This was a key message from Infosecurity 2013, with IT bosses agreeing this was the best way to create good security without having to break the bank.
Graham McKay, CISO at Scottish publisher DC Thompson, said: "We are all facing considerable budget pressures, with an increasing threat landscape. It's a challenge.
"But we've adopted the approach of education, training and awareness.Educating our staff, getting the best value for money. Identifying what our information assets are, and taking the best approach to protect those."
Cal Judge, Head of Information Security at Oxfam UK, agreed that education was vital. He said that it was key to get staff interested in information security, and buy into it.
"You can do this through various methods," he said. "For us it is about for example, creating an online course that is entertaining and interactive.

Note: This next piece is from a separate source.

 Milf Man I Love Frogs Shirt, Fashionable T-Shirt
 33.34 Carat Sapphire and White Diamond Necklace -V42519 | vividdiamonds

"You can take a story about a celebrity getting their Twitter account hacked, use that scenario, and get staff buying into the idea that password security is essential to securing their account.
"People don't remember doing boring courses, and if they are having fun during the process, they are more likely to remember."
Michelle Tolmay, security officer at online retailer ASOS.com, said all new starters in her business needed to undergo security awareness training.
She said that she checks their Facebook and Twitter accounts before they start, and reveals personal facts about them she discovers at the beginning of the session.
Tolmay said, "People start thinking, hang on, what have I actually put out there to find that information? We're quite lucky as most ASOS staff are customers.
"Not only do we make it personal because of how they need to protect themselves in their day-to-day lives, we can take that one step forward and show how customers of ASOS need to protect themselves.
"Staff will take more interest because they know that if there is a data breach, it's not the information of random people around the world - it's theirs."